Business is a race to gain customers, and sales and marketing have strong roles in making this happen. I believe the roles are polarized depending on the ticket price of the item being sold. If something has a low ticket price, like the sub for instance, marketing plays an aggressive role encouraging impulse purchases. Notice the aisle end-cap specials at grocery stores, the “buy now” buttons on the web, the for a limited time specials on TV. Largely, these are B2C sales and there is a short sales cycle. This strategy is equivalent to the hare in Aesop’s fable, and sales are quick and frequent.
If the price of the ticket item is high, as it often is with B2B sales, there tends to be a longer sales cycle. The timeframe can run from months to years. The vendor must build a relationship with the potential client. Trust needs to be established. Credibility needs to be built. The buyer needs considerable amount of time to do their due diligence. This is a rational, thought out decision that is being made, by the buyer. Here, aggressive “buy now” marketing techniques don’t work.
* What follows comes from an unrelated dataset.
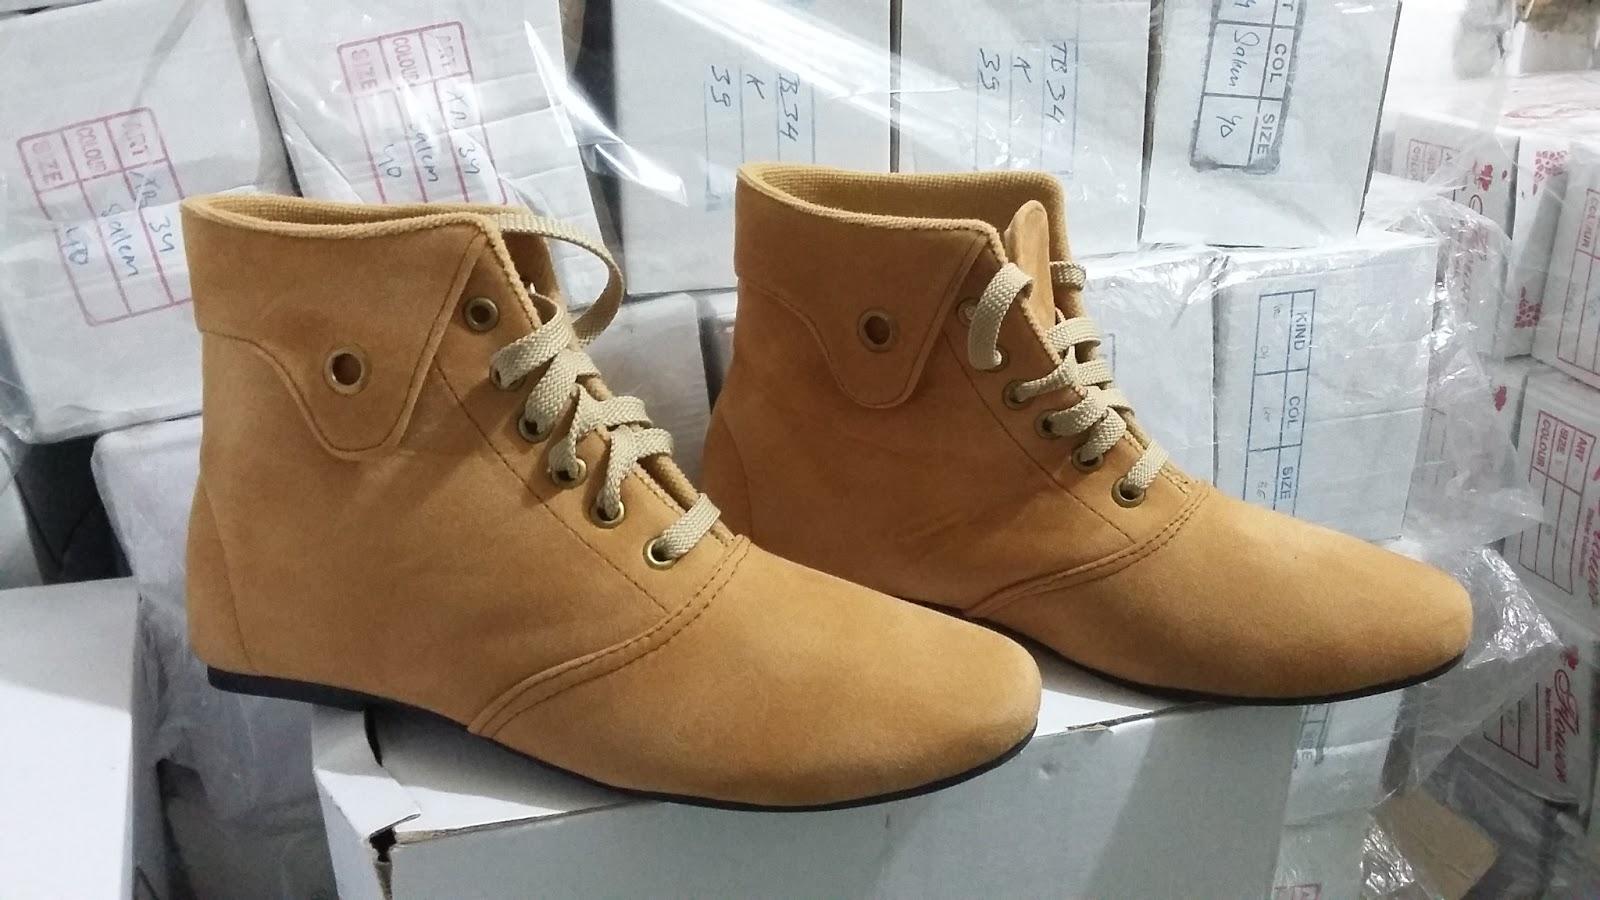 3e4884f9347 Sepatu Boots Korean Style Murah Berkualitas Kode BT1

Instead sophisticated and consistent sales and marketing efforts are required, all over a long period of time. This is the tortoise example, with a “slow and steady wins the race” mindset.
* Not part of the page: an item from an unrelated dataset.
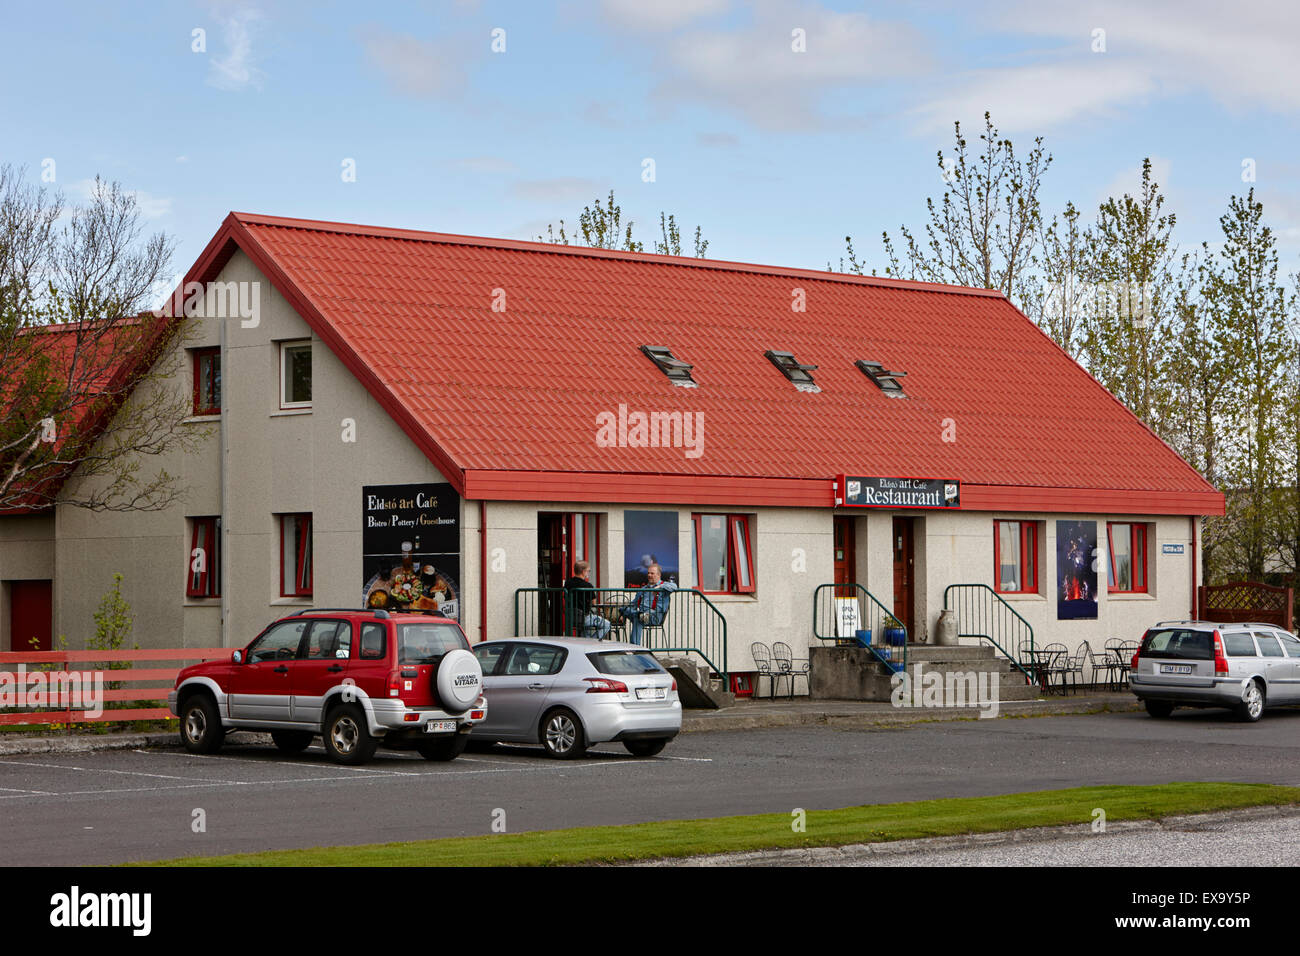 eldsto art cafe and bistro roadside restaurant on route 1 in hvolsvollur Iceland - Stock Image

So there are definitely marketing strategy implications, but people often overlook management and human resources implications. There are differences in the types of people you would want to place, in these sales and marketing roles. If your company mainly sells big ticket items (typically B2B) you’re going to need to hire folks who are consistent in what they do. You’ll probably have a modest sized marketing department and a large sales staff. The sales and marketing personnel need to be organized, not easily discouraged, and process oriented. The marketing team needs to know how to support the sales team and the relationships they set out to build with clients.
If your company mainly sells small ticket items (typically B2C) you’ll likely need a bigger marketing team and people who are creative risk takers. They're going have to constantly monitor sales data and competitor strategies, and adapt and implement new initiatives quickly. The feedback in this world can be instantaneous as the sales cycle is short. This enables one to measure the deficiency or effectiveness of efforts and change direction on things at the drop of a hat. In these types of companies, compensation structures are largely commissioned based, and employee evaluations should be frequent and focused on short time periods and lots of data.
It is much trickier to measure success in companies with long term sales cycles. Consequently management needs to encourage the right activities, establish compensation systems that are effective in a long sales environment, and emphasize long term projects and progress on performance evaluations. It’s more difficult to have a fully commission based structure based on the long sales cycle.
No matter which type of business you’re in, when you’re evaluating your company’s selling performance, understand the sales cycle you have, and adjust your sales and marketing, management, and human resource strategies accordingly. Slow and steady can win the race, especially if the competition gets distracted. Or quick and fast can win the race, if they don’t become complacent.